В заключительной части своего труда, на первый взгляд, вроде бы и вовсе даже некстати, Исай Георгиевич взялся за критику позиции популярного столичного публициста Погодина. В проведенной «Вестником Демократии» дискуссии на тему «Мы – и наши Силы!» публицист этот, отвечая на вопрос – «А был ли сталинизм в нашей стране явлением неизбежным и закономерным?» – заявил, что дескать, спор об альтернативной административно-командной модели социализма следует считать принципиально неразрешимым, так как задним числом нельзя сказать и доказать, могли ли события развиваться иначе, как впрочем, нельзя доказать и обратное. Никак нельзя, и точка.

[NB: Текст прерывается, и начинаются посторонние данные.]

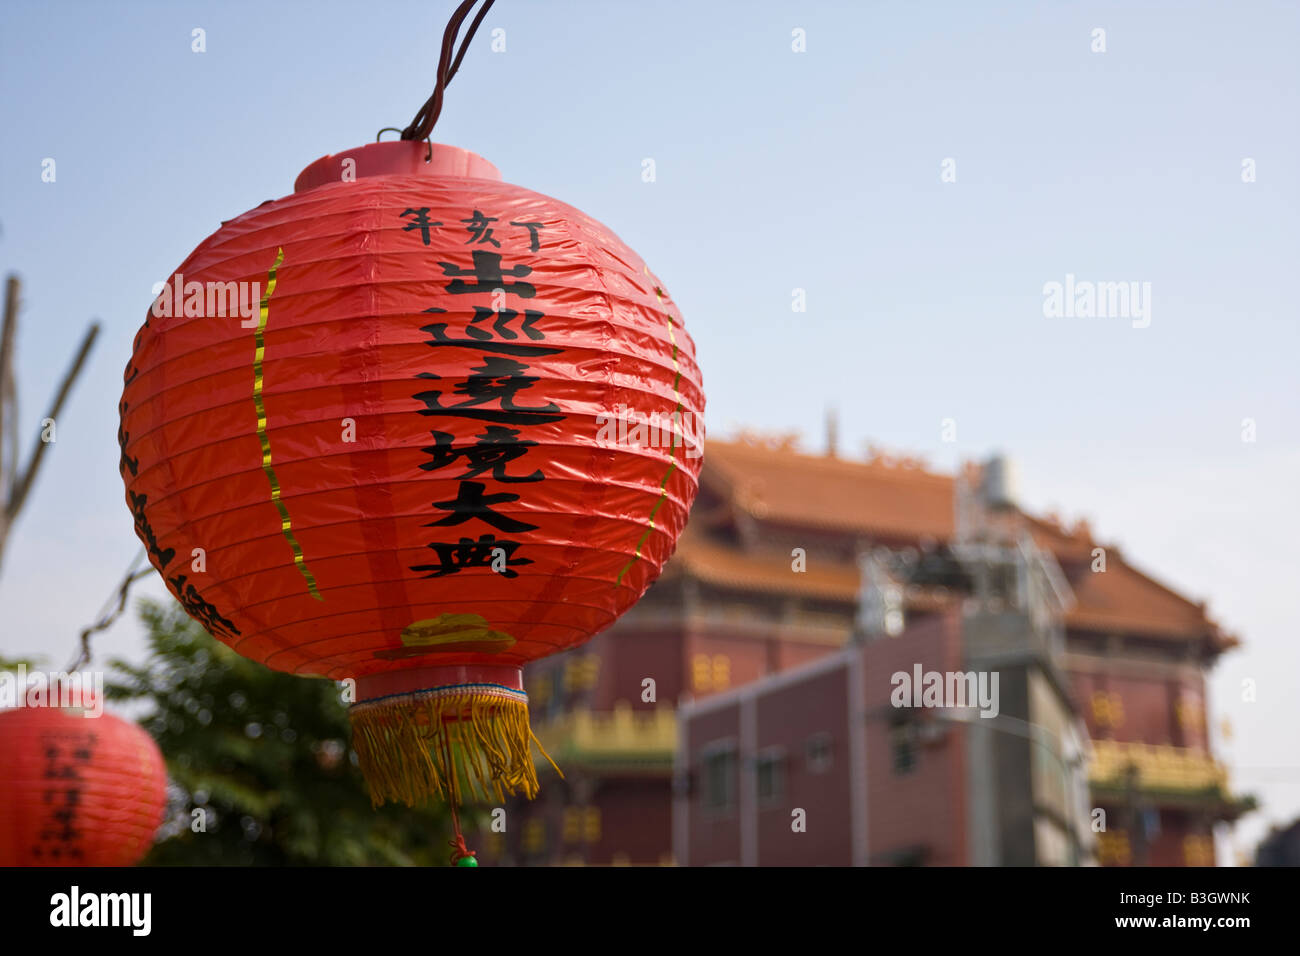 Chinesische, taiwanesische rote Laterne Lotus Lake Zouying Kaohsiung Taiwan Republik von China (ROC) hängen Stockfoto

«Врешь! Можно!» – возражал публицисту в своем заключении академик Шутов, – «Еще как можно! При помощи моей «Машины Времени» – ничего не стоит! Ибо в наших руках теперь умение развивать прошедшие события и так, и сяк, и иначе. Починим же наше «сегодня» еще «вчера»! В долгий ящик не откладывая!»
Залпом прожил Сан Саныч в трудах ту неделю. И не заметил, как в субботу снова в электричке сидел. Прижав к груди портфель с втиснутой в него папкой и зримо помолодев, он ехал к себе на дачу, всё за те же семьдесят километров от Москвы по Савеловской дороге. К жене с дивной новостью рвался и к внучке.
Дуся с Олечкой встретили его на отстроенном еще сталинскими узниками перроне и исцеловали его посочневшими от долгого загородного лета губами. Потом повели его за руки вдоль нежащихся в загородном небе облачков, сквозь ничейные кусты и злаки, мимо канала с видом на блондинистого колёра рощу за местным дурдомом вдали.